On July 22, 2014, the Milwaukee Common Council adopted an ordinance raising the minimum wage for all city employees and workers under service contracts with the city. Milwaukee’s hourly “living wage” will go from $9.51 an hour to $10.10 after the ordinance is signed into law, and then to $10.80 an hour starting March 1, 2015.
The ordinance’s primary sponsor, Alderman Ashanti Hamilton, said that increasing the minimum wage for city employees was the "right thing to do". Hamilton had initially proposed raising the minimum wage to $11.47 an hour next year, but the Milwaukee Finance and Personnel Committee, which met earlier Tuesday, was able to reach a compromise on a smaller increase.

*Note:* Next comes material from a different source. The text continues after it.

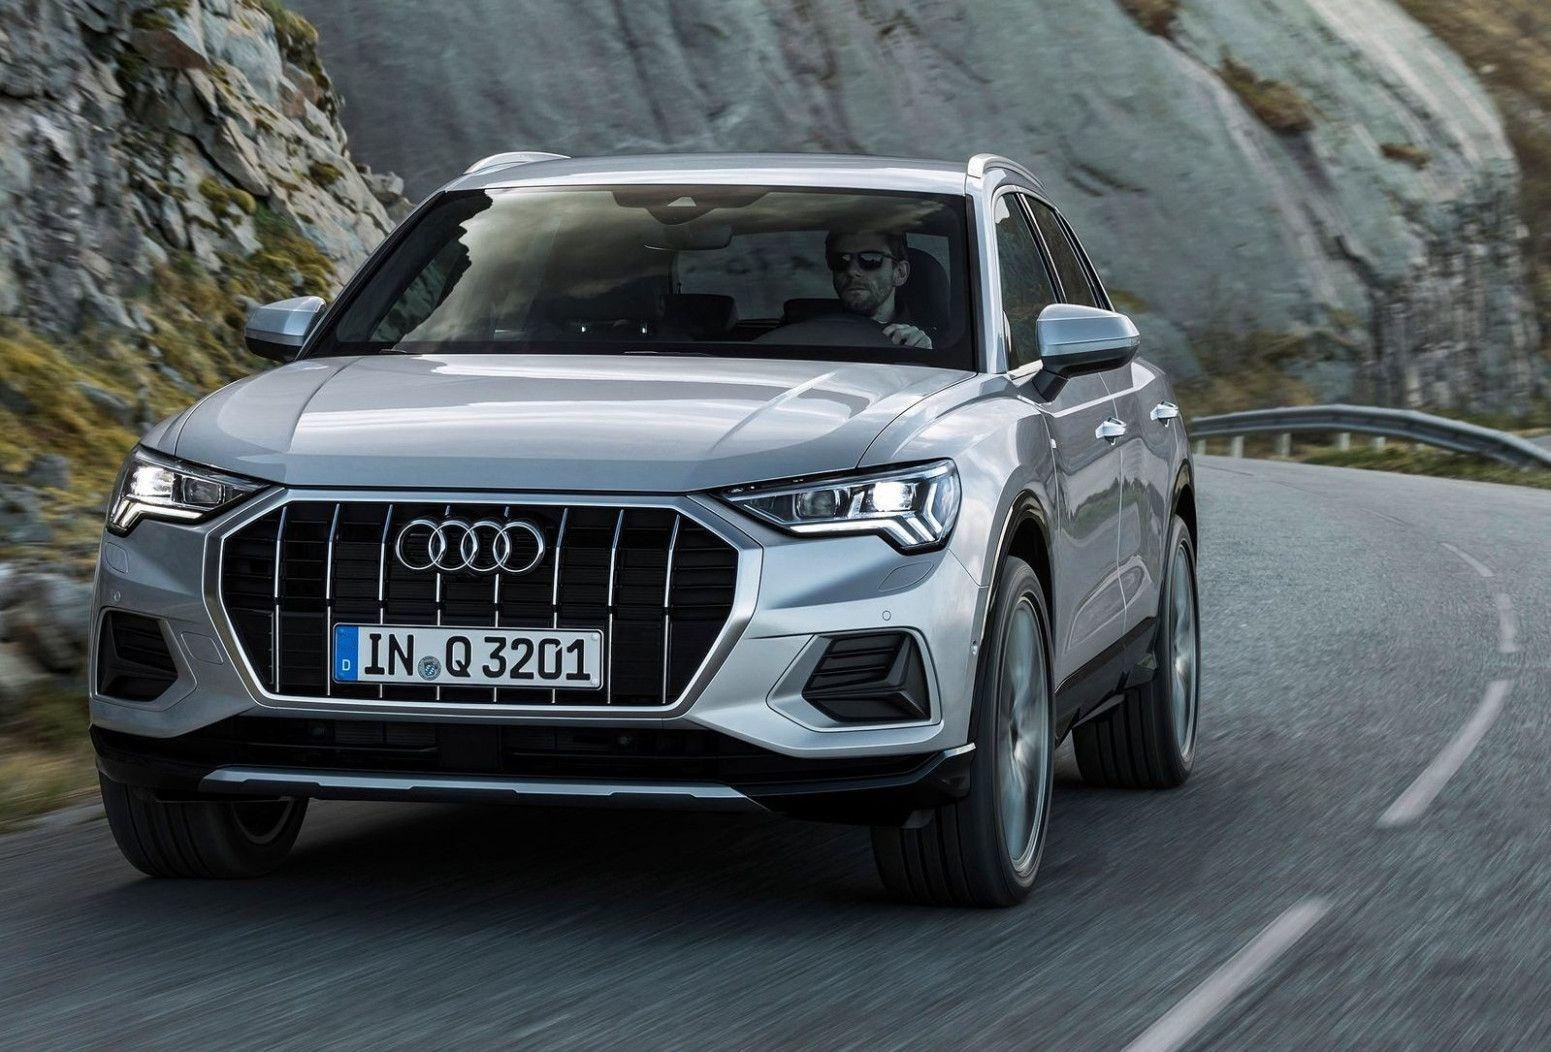 Audi Q3 Hybrid 2020 Concept In 2020 Audi Q3 Audi Car

Hamilton also said that the Common Council considers the approved raise a “significant” increase and that “the council and the city are taking a proactive and positive approach to ensuring decent pay for our workers.”
Alderwoman Milele A. Coggs, a co-sponsor of the measure, said the council’s action today is in step with President Obama’s national move to increase the minimum wage. “With additional money in their pockets, workers can buy more goods and services, which helps their families and also helps stimulate our local economy.”
Opponents of the wage increase point out that, according to their estimates, the cost to taxpayers over the next year and a half is projected to be between $141,223 and $221,139. There are also fears that the increase could lead to cuts in work hours and benefits, as well as pricing marginal workers with less education and job experience out of the labor market.
The City of Milwaukee would become the latest in several municipalities that have raised, or have contemplated raising the minimum wage. On June 26, Milwaukee County supervisors agreed to place on this November’s ballot an advisory referendum that would raise the state minimum wage to $10.10 an hour. Earlier this month, a task force created by Chicago Mayor Rahm Emanuel recommended that the city increase its minimum wage from $8.25 an hour to $13 an hour by 2018. The San Diego City Council recently approved a phased-in increase of the city’s minimum wage from $9 an hour to $11.50 an hour by 2017 and Seattle voted to raise the minimum wage to $15 an hour. The Cities of San Francisco and Oakland have also discussed raising their respective minimum wages.